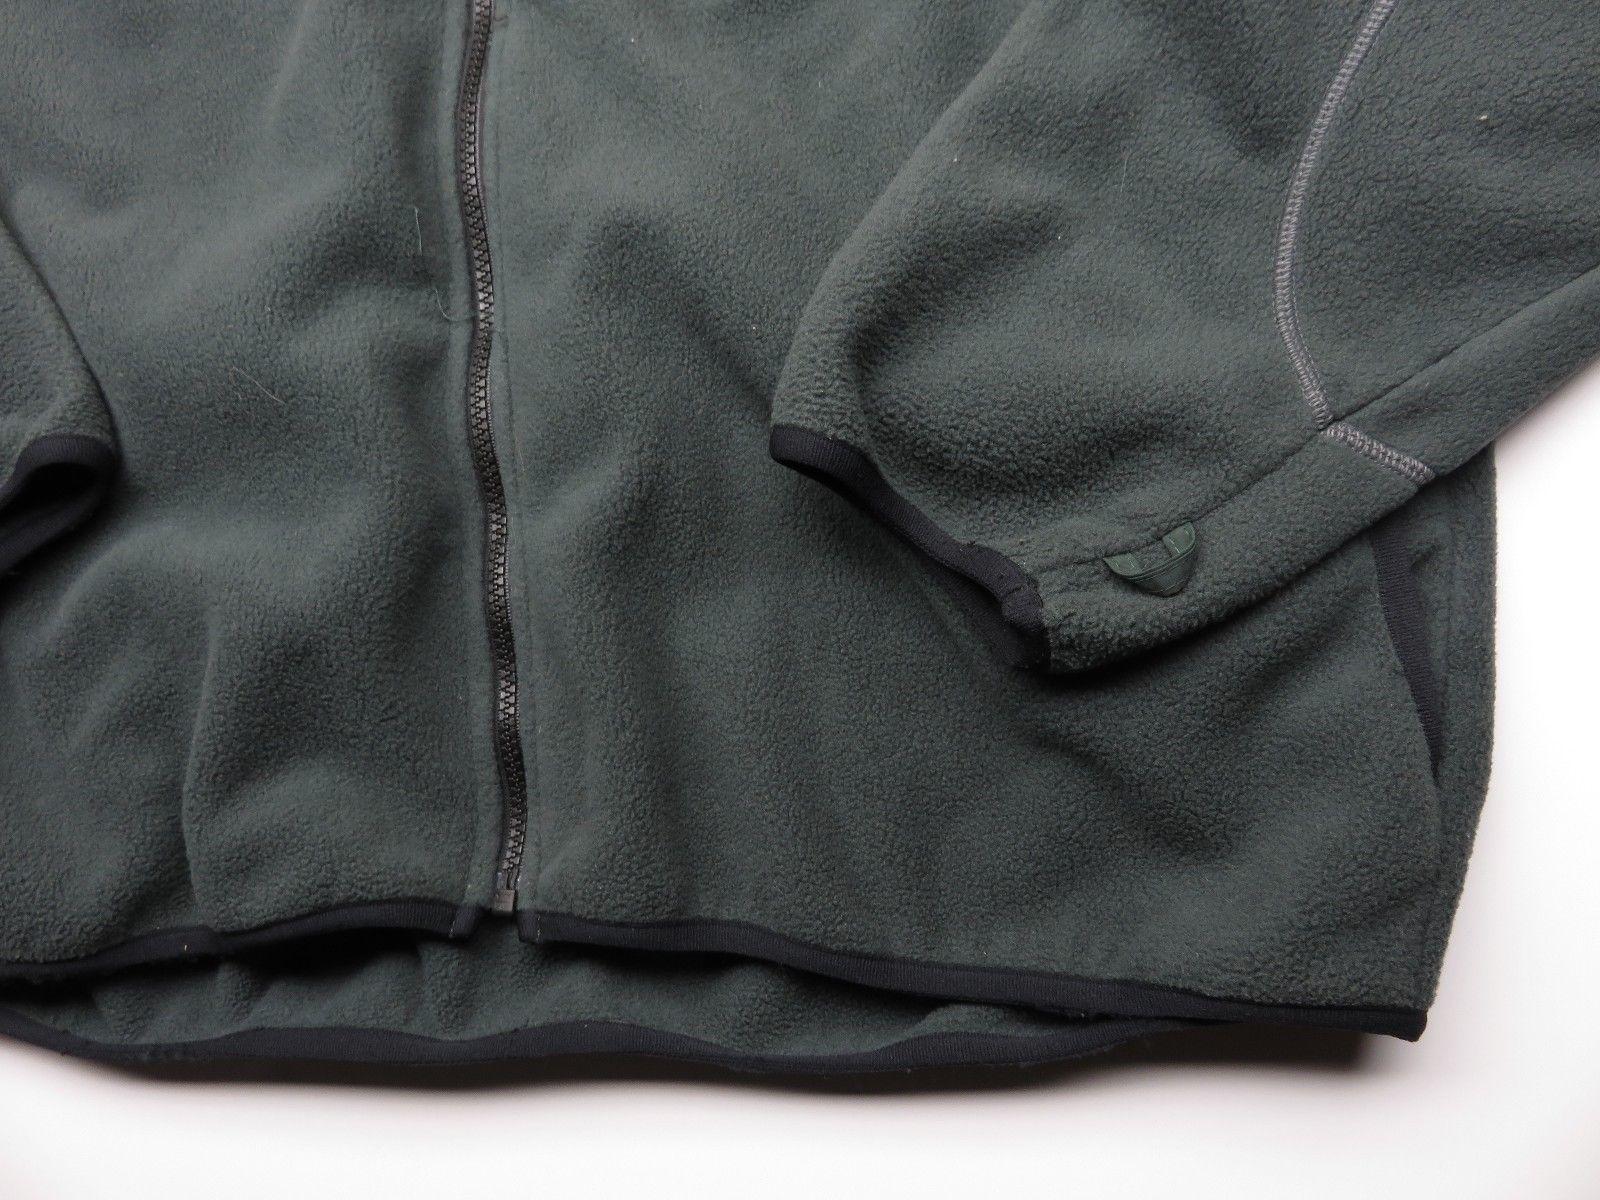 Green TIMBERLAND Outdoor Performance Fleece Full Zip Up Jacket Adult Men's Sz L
---
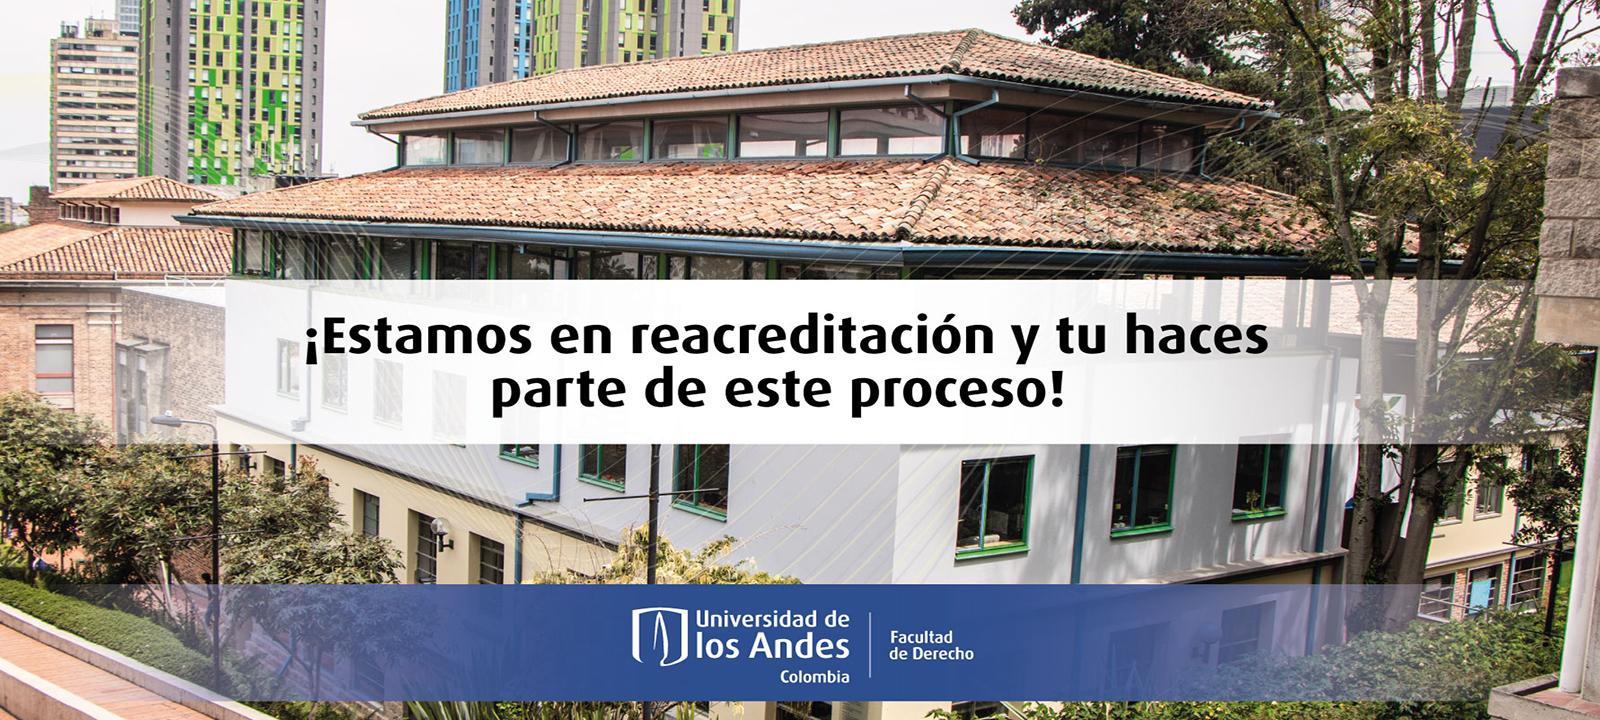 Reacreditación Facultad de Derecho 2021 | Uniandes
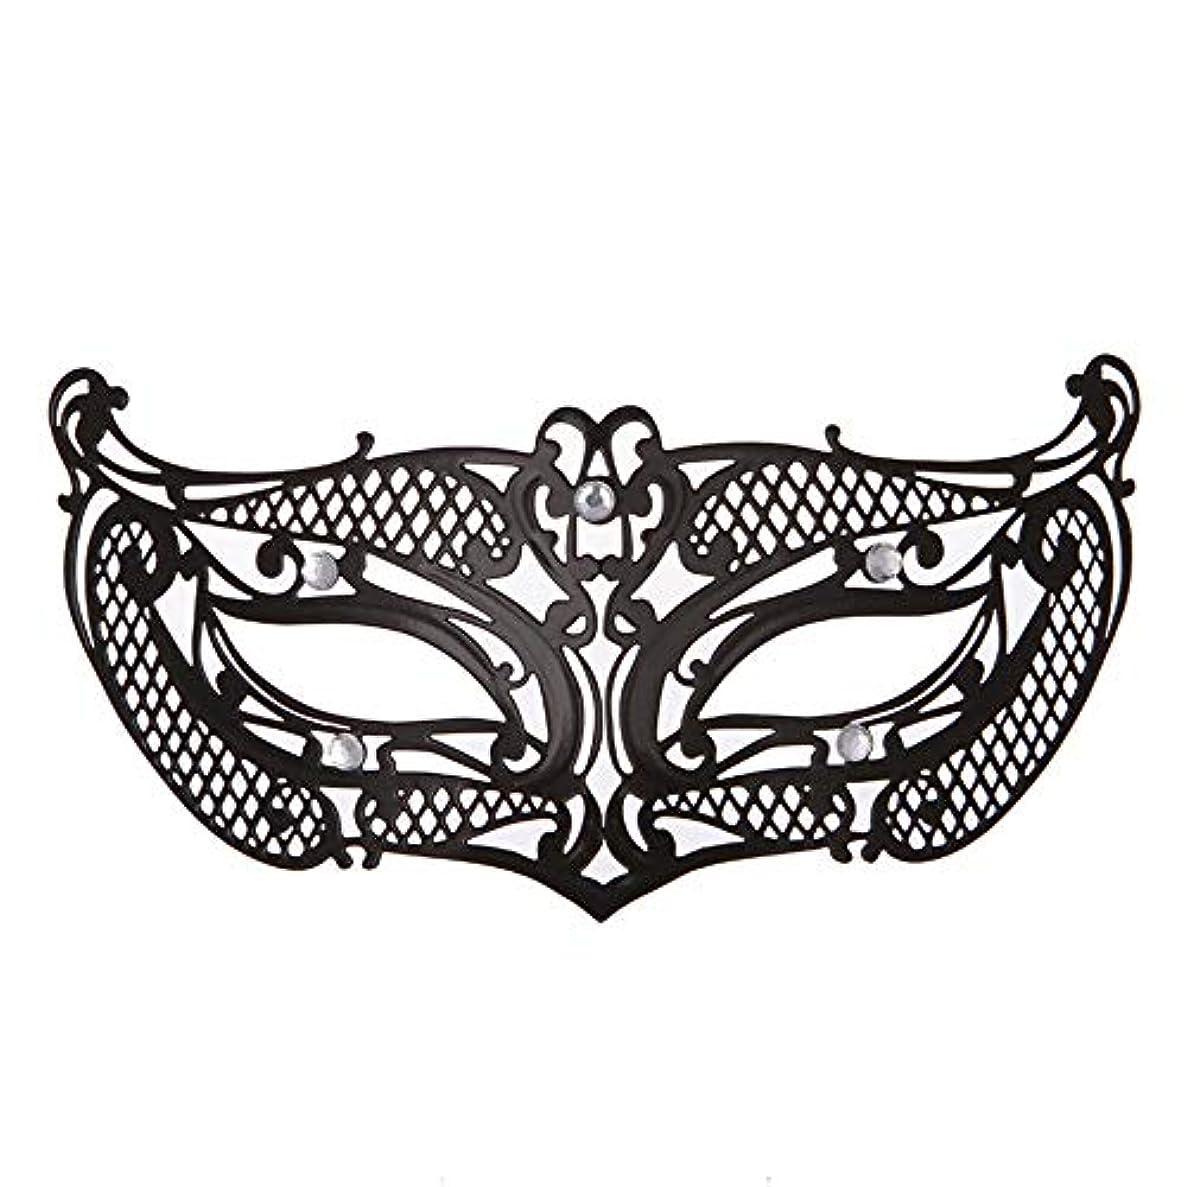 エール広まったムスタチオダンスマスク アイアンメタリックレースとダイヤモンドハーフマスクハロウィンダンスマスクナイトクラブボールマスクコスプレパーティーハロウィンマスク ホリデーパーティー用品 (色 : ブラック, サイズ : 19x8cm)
==
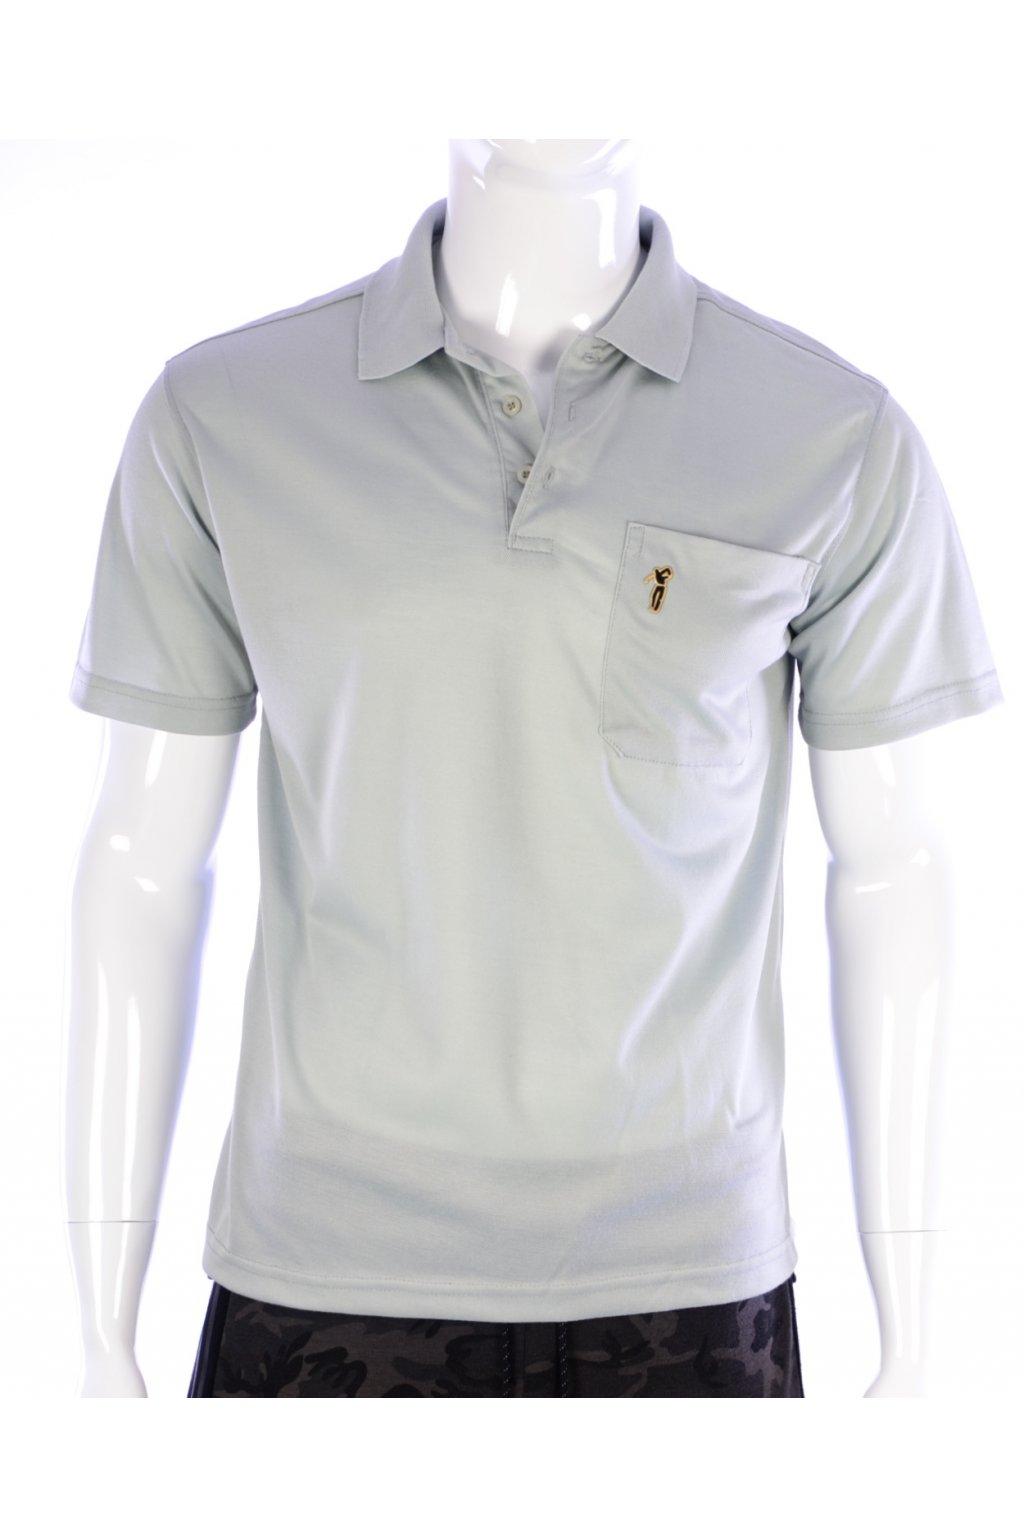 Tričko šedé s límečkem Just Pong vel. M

What to work on
Restate word for word every line from the one with "Reacreditación Facultad de" up to and including the one with "サイズ : 19x8cm)" in the records above, minus the pictures.

Written answer
 Reacreditación Facultad de Derecho 2021 | Uniandes
 エール広まったムスタチオダンスマスク アイアンメタリックレースとダイヤモンドハーフマスクハロウィンダンスマスクナイトクラブボールマスクコスプレパーティーハロウィンマスク ホリデーパーティー用品 (色 : ブラック, サイズ : 19x8cm)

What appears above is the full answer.